ESTRO 2024 - Abstract Book

S4464

Physics - Machine learning models and clinical applications

ESTRO 2024

Material/Methods:

(1) Data collection and linkage

ARISTOTLE is a phase III clinical trial investigating whether the addition of a second drug (irinotecan) to the standard neoadjuvant treatment of long-course capecitabine and radiotherapy improves outcomes for MRI-defined LARC patients. The anonymised trial ID was used to link clinical data from the UCL Clinical Trial Centre, the radiotherapy & imaging data from the Radiotherapy Trials Quality Assurance group, the pathology data from the University of Leeds and the genomic data from the Stratification in Colorectal Cancer (S: CORT) Consortium, to establish the RADIANT research database.
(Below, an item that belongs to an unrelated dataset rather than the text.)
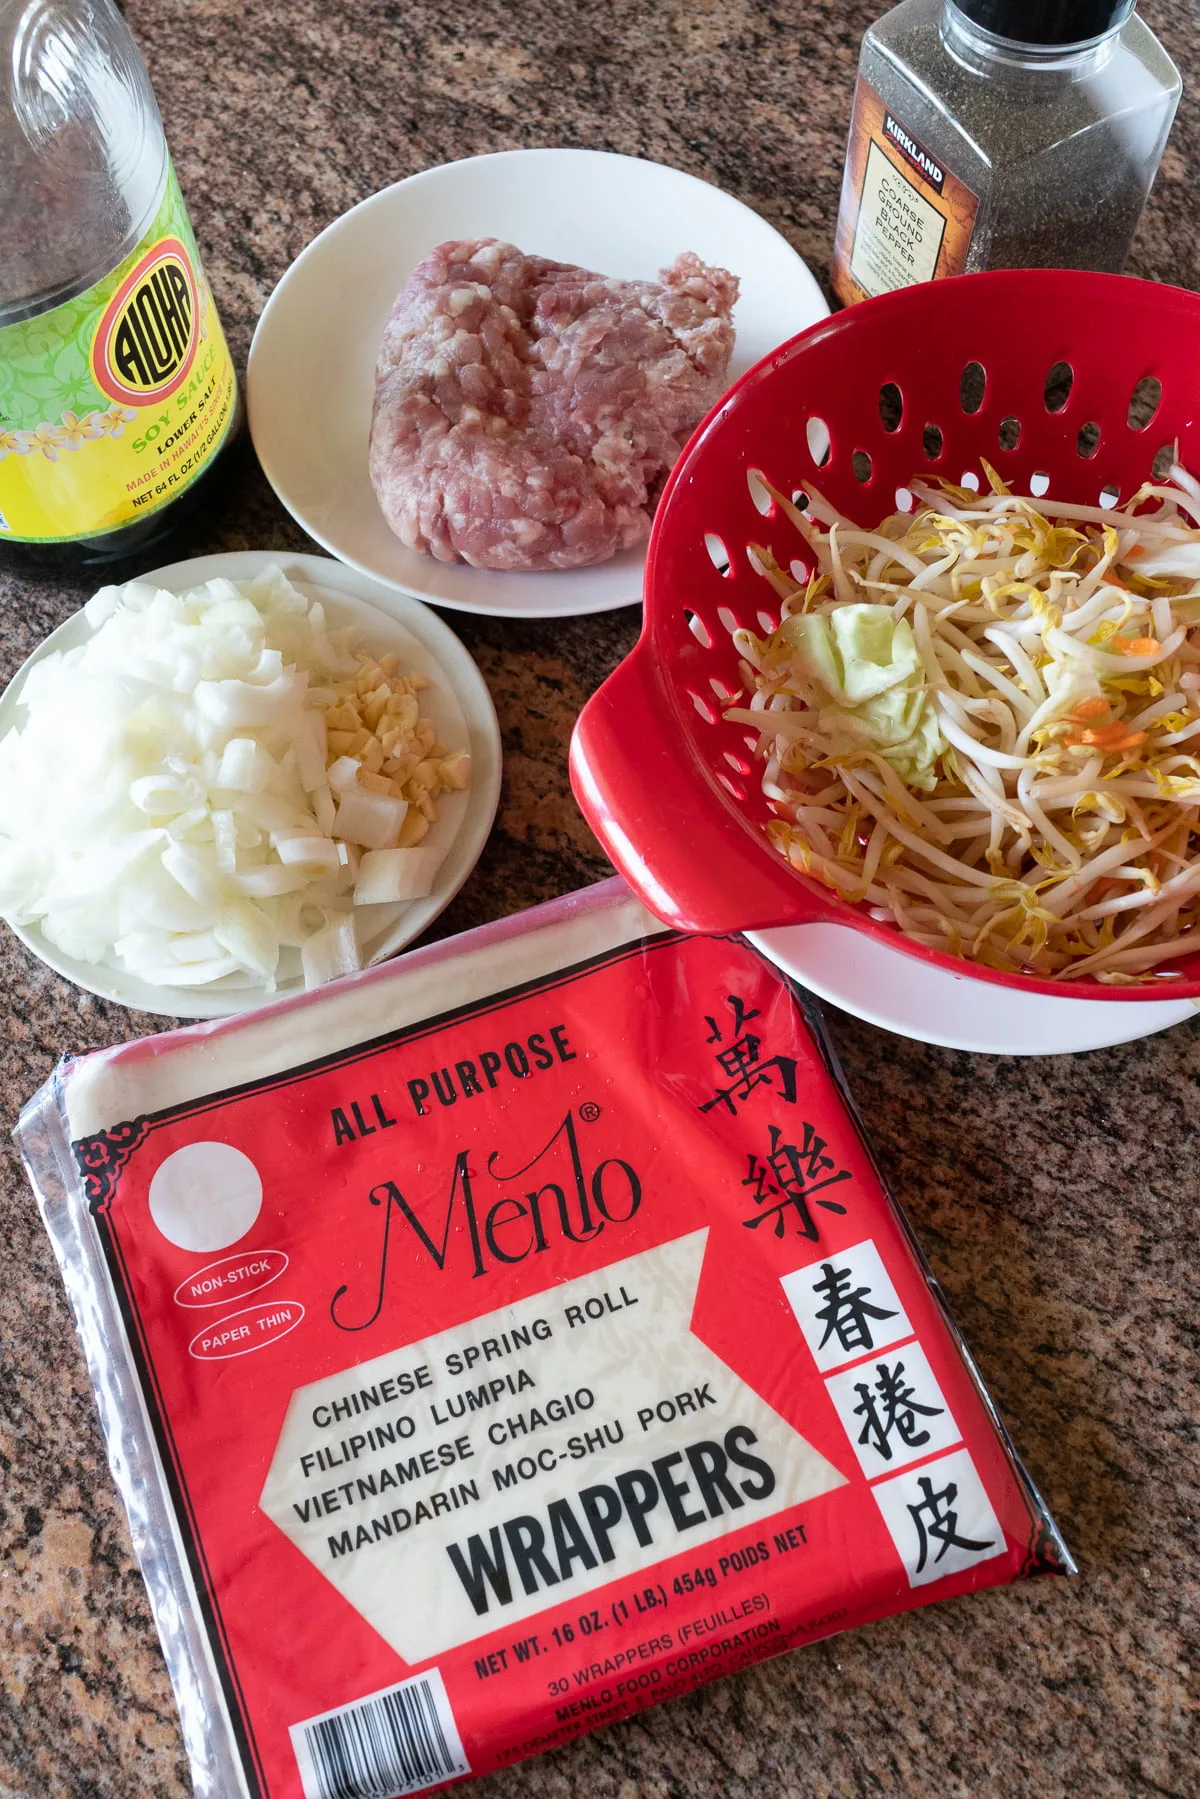 Ingredients for making lumpia on a table (lumpia wrapper, ground pork, onion, vegetable mix, soy sauce, and black pepper).

(2) Multi-task AI processing

To enrich the information for predictive modelling, multi-task AI models were used for processing the image data. The data collection and generation workflow are displayed in Figure 1 . We applied the Total Segmentator [2], an open-source AI model to contour the anatomical structures automatically on the radiotherapy planning CT. An AI pathology framework was designed for the analysis of the digitised Haematoxylin and Eosin (H&E)-stained whole slide images (WSIs). The pathology framework consists of two AI models trained for tissue classification and nuclei detection using open-source datasets. The tissue classifier was trained on the NCT-CRC-HE-100K [3] dataset to identify nine tissue types, including adipose, background, debris, lymphocytes, mucin, smooth muscle, normal colon mucosa, cancer-associated stroma and colorectal adenocarcinoma epithelium. The nuclei detector was trained on the Lizard dataset [4] to detect and classify five types of nuclei, including epithelial nuclei (neoplastic/ non-neoplastic epithelial nuclei), inflammatory nuclei (lymphocyte, plasma, neutrophil and eosinophil) and connective tissue (fibroblasts, muscle and endothelial cells).